Espen Landmark Fjermestad
Analyst, Fearnley Securities

All right. I guess finally, you mentioned the naphtha trade coming a bit under pressure in the second quarter, you know, competition from the LPG side. I guess, the amount of U.S. LPGs, you know, they're not looking to slow anytime soon. I guess with all this light shale oil in the market as well, the amount of naphtha coming out of refineries in the east is probably not going to slow down either, you know, potentially putting a lid on margins similar to what we've seen in the last couple of months. I guess the question is, you know, for you, how important is the, is the naphtha trade?

Jacob Meldgaard
Executive Director, TORM

I agree, one, with sort of your general statement that what we've experienced, let's say, over the last, quarter, does seem to be not an outlier, but it could be that that is something that is here to stay, that you have more competition from, LPG into the petrochemical industry, and also that, locally in Asia, for instance, some of the refiners coming on stream in China would be supplying more of the local, need. For us, I think it's less than 10% of the, of the, naphtha trade. If you take ton-mile for larger vessels, then it's less than 10% of the current naphtha that is originally, for instance, in the Western Hemisphere. When you look at it ton-mile, I think it's about 7%.

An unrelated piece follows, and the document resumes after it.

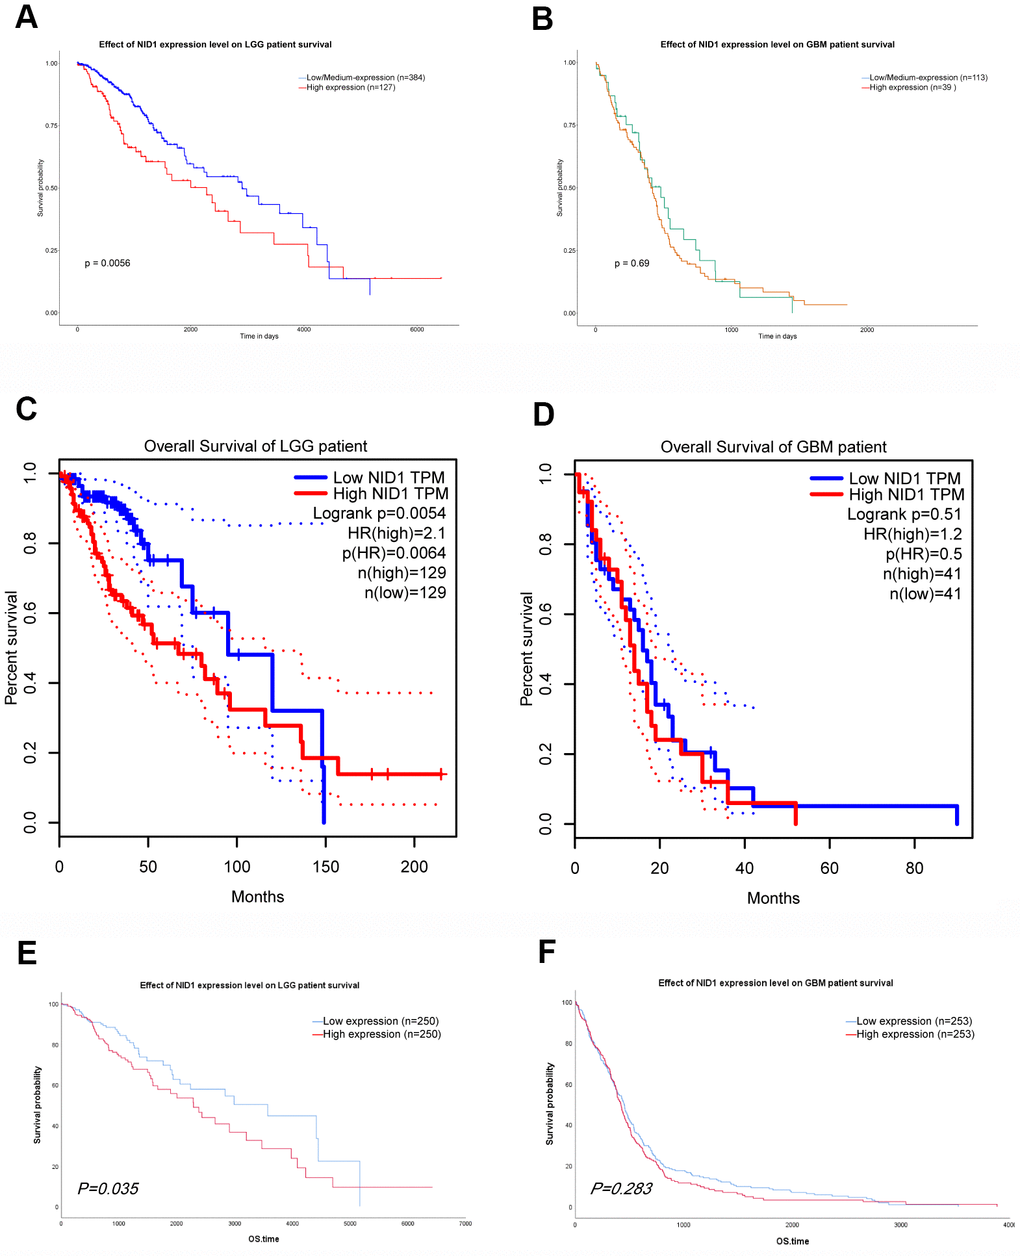 NID1 expression correlates with overall survival of LGG patients. (A, B) Kaplan-Meier survival curves show overall survival of low- and high-NID1-expressing LGG and GBM patients from the UALCAN database. (C, D) Kaplan-Meier survival curves show overall survival of low- and high-NID1-expressing LGG and GBM patients from the GEPIA database. HR refers to hazard ratio. (E, F) Kaplan-Meier survival curves show overall survival of low- and high-NID1-expressing LGG and GBM patients from the TCGA database. Note: Blue represents low NID1 expression; red represents high NID1 expression.
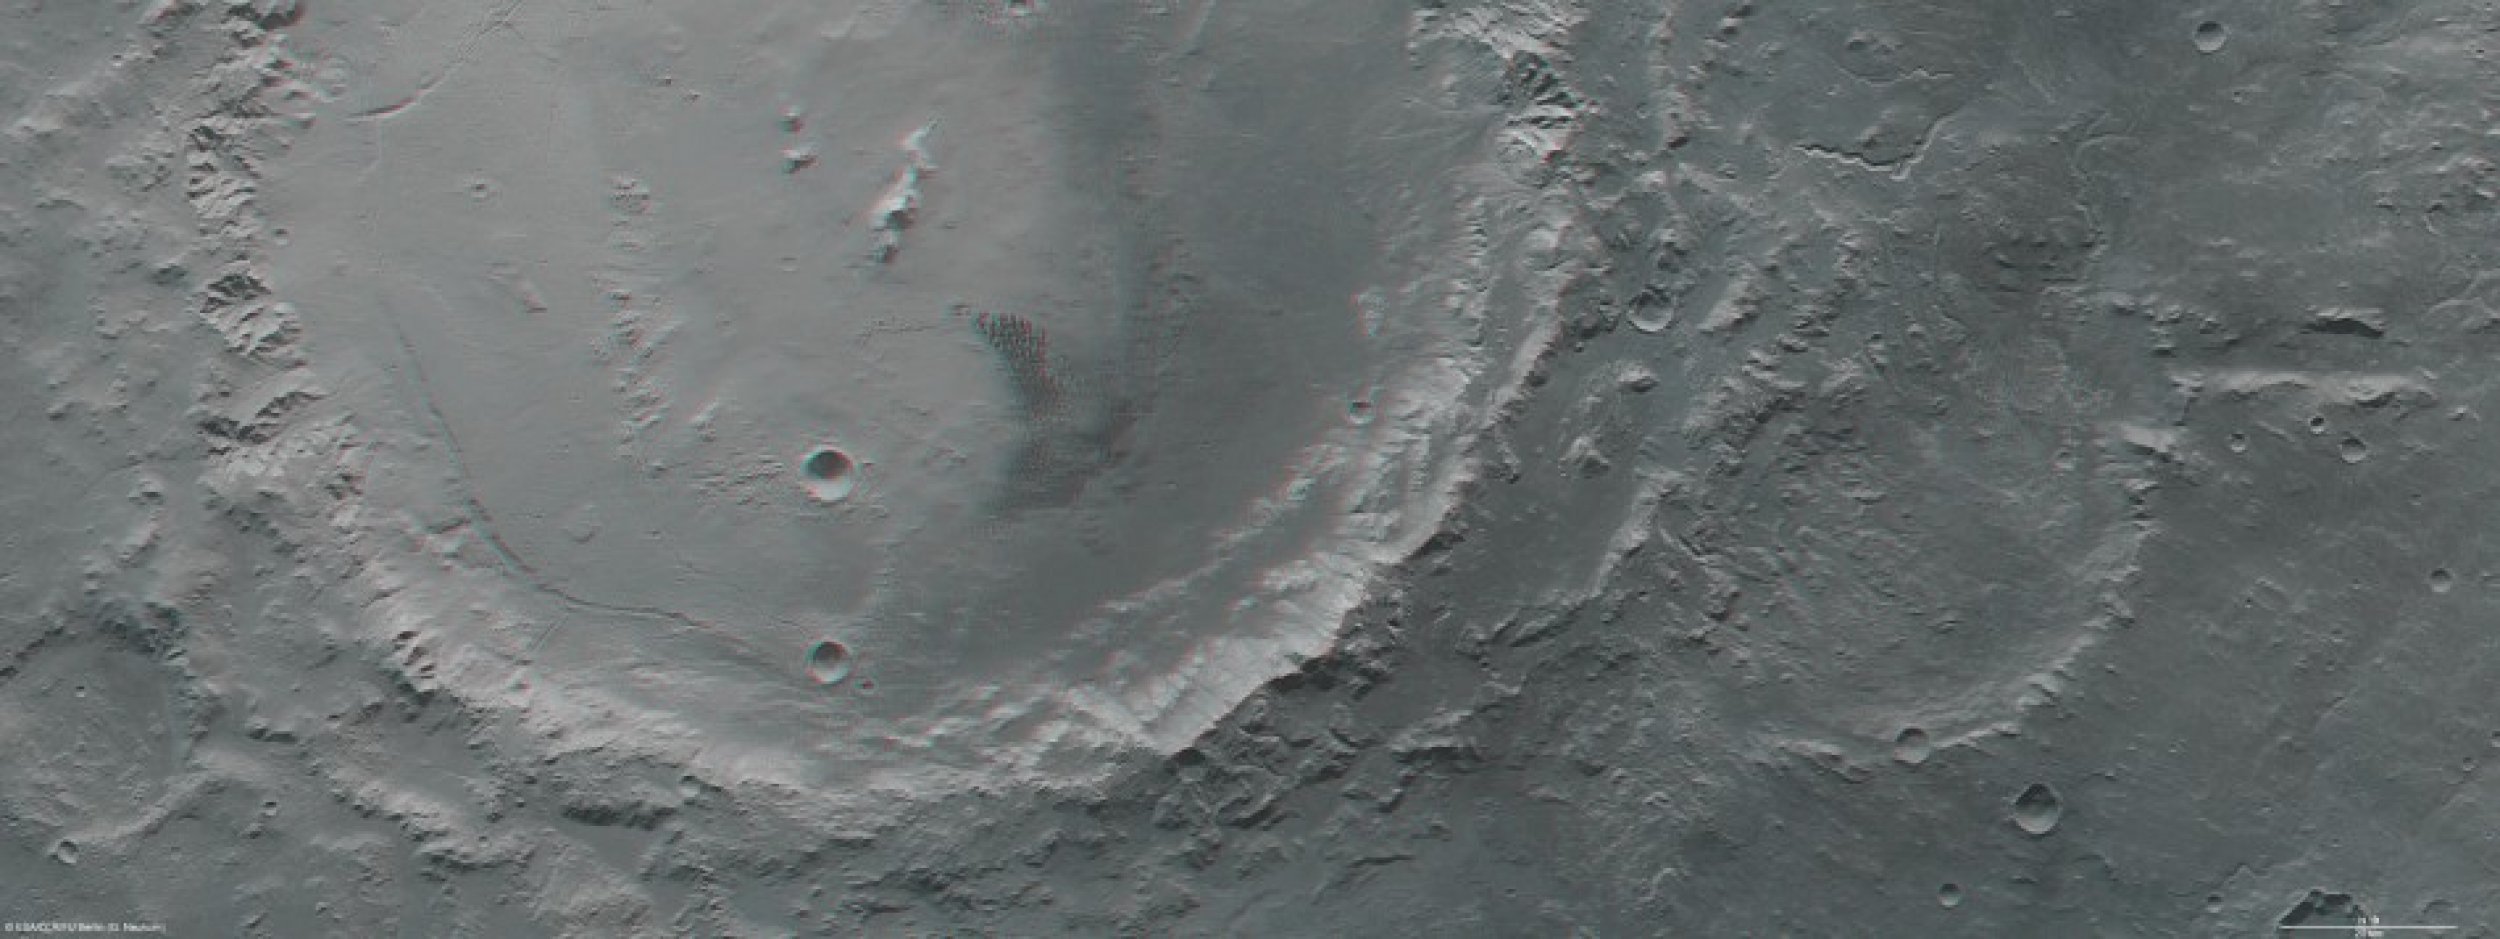 Holden and Eberswalde crater in 3D

You can say there is a risk overall for, not for TORM, specifically, but for the larger segment in the product tanker space , that some of this up of west to east naphtha could come under pressure. It's about 7% on a global basis.

Espen Landmark Fjermestad
Analyst, Fearnley Securities

Okay.

Jacob Meldgaard
Executive Director, TORM

Is our estimate.

Espen Landmark Fjermestad
Analyst, Fearnley Securities

Interesting. Thank you very much, Jacob.

Jacob Meldgaard
Executive Director, TORM

Thanks. Thanks for the questions.

Operator

Thank you. There are no further questions, sir. Please continue.

Jacob Meldgaard
Executive Director, TORM

This concludes the earnings call of the second quarter and half year results. Thank you for dialing in.